Tuesday, May 24, 2011

Vol 1:20 Being a Missional People: Living as "Living Stones"

Being connected to Jesus Christ as his disciples, as ones who worship him, we are in danger of others identifying us with their images of him. Many of go about trying to change the image of Christ in the world so that we in the wake of such renewed imagining of Jesus, we may become more accepted as well.

Yet, too many do not know who Jesus is. That is not a new problem – Jesus has always been misunderstood – even by us. Too many have an emaciated view of Christ – Jesus was merely a religious teacher, having religious things to say, trying to bring spirituality into the real world. But such an emaciated image of Jesus would have little impact upon society – and perhaps some indeed do believe he was unable to pass muster in the “real world.”

Peter in his first epistle writes: “As you come to him, the living stone – rejected by human beings but chosen by God and precious to him – you also, like living stones are being built into a spiritual house to be a holy priesthood, offering spiritual sacrifices acceptable to God through Jesus Christ” (1 Peter 2: 2-3).

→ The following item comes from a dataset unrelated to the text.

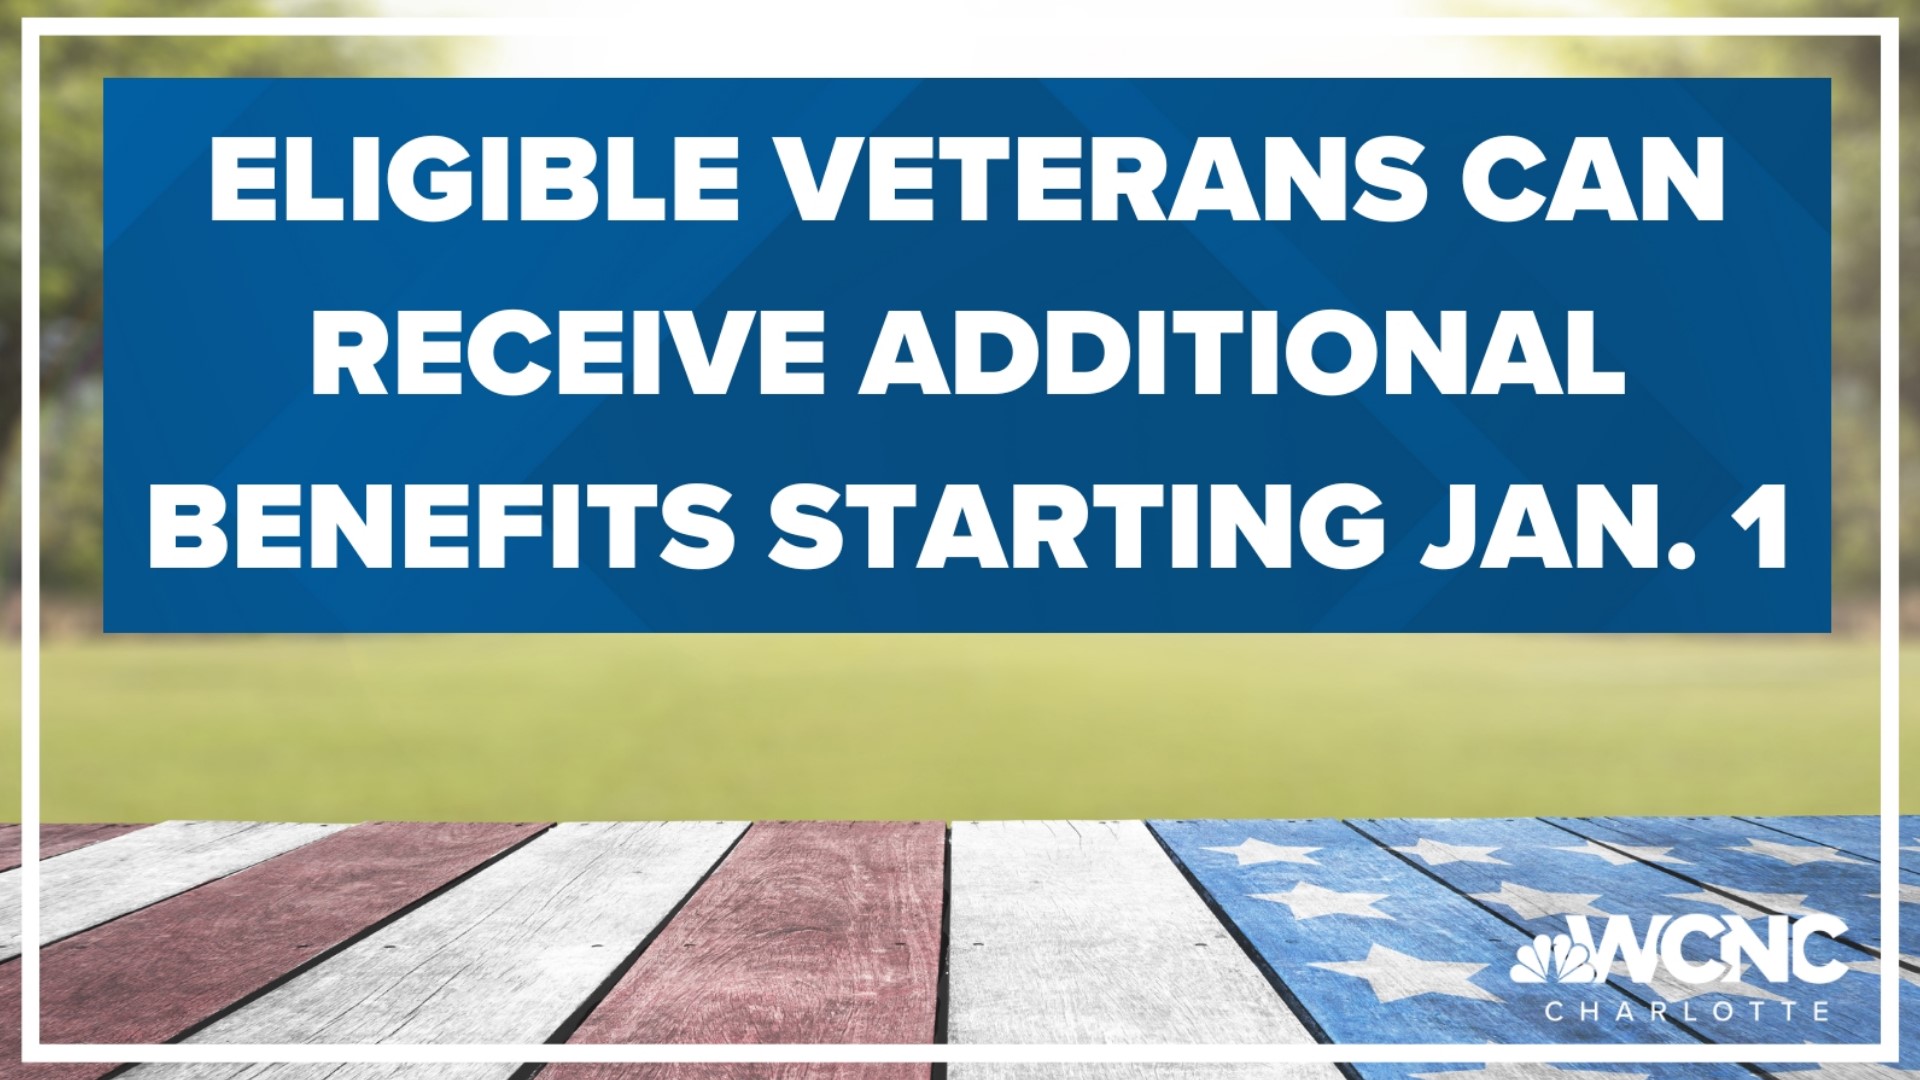 Come the new year, thousands of South Carolina veterans are in for more benefits.

How does this define us as missional people? How are we to be in a world that misunderstands Jesus?

Jesus is the stone the builders rejected. When Jesus was asked to explain the parable of the tenants in Luke 20 – the parable in which those who were minding the vineyard thought they could inherit the vineyard by killing the owner’s son – he asked them the meaning of Psalm 118:22 “the stone the builders rejected has become the cornerstone.”

Jesus who is rejected by all – because Jesus does not fit preconceived categories of who Jesus ought to be, is the one through whom God builds a whole new kind of building in the world – not made with stones and mortar, but with Jesus as the cornerstone and recreated human beings as living stones who identify with Christ Jesus – signified by the act of baptism. In identifying with the Rejected One, we too are rejected ones – but it is in this particularity that we are the missional people of God in the world, whom God uses as building blocks to create a whole new world (cf. Paul Stookey’s song Building Block.)

God engages, not those who are the greatest or most gifted, nor the most politically astute, nor the most powerfully situated to bring about God’s redemptive mission of creating a whole new world. God seeks out those who are marginalized, those who are rejected, to identify with the Son of God who has been rejected – for through him – the cornerstone, God connects living stones in order to build a new spiritual building, a whole new community of people, a living community of people who through their lives and their living bring about God’s will on earth, just as it is in heaven.

As we read through the rest of Peter’s epistle, we discover that living missionally, doing good, involves suffering, suffering that comes through identifying with Jesus Christ. In Christ, we are a people born into a living hope (1 Peter 1:3) and are called to live as foreigners, as aliens (1 Peter 1:17), and are the ones through whom God is building a new community, a community of living stones who are filled with a living hope in order to be a sign, foretaste, and instrument of God always breaking in reign in order to make the world new.

Whether we see ourselves as rejected or accepted all depends upon whom we focus our attention – if we try to follow after Jesus Christ but our attention is on the world – we will be ever battling being rejected, but if we live focused on God who has chosen and called us to be “a royal priesthood, a holy nation, God’s special possession” (1 Peter 2:9), then no matter how rejected we are as the missional people of God, we know we are accepted to participate with God in being a new community in an unfolding whole new world.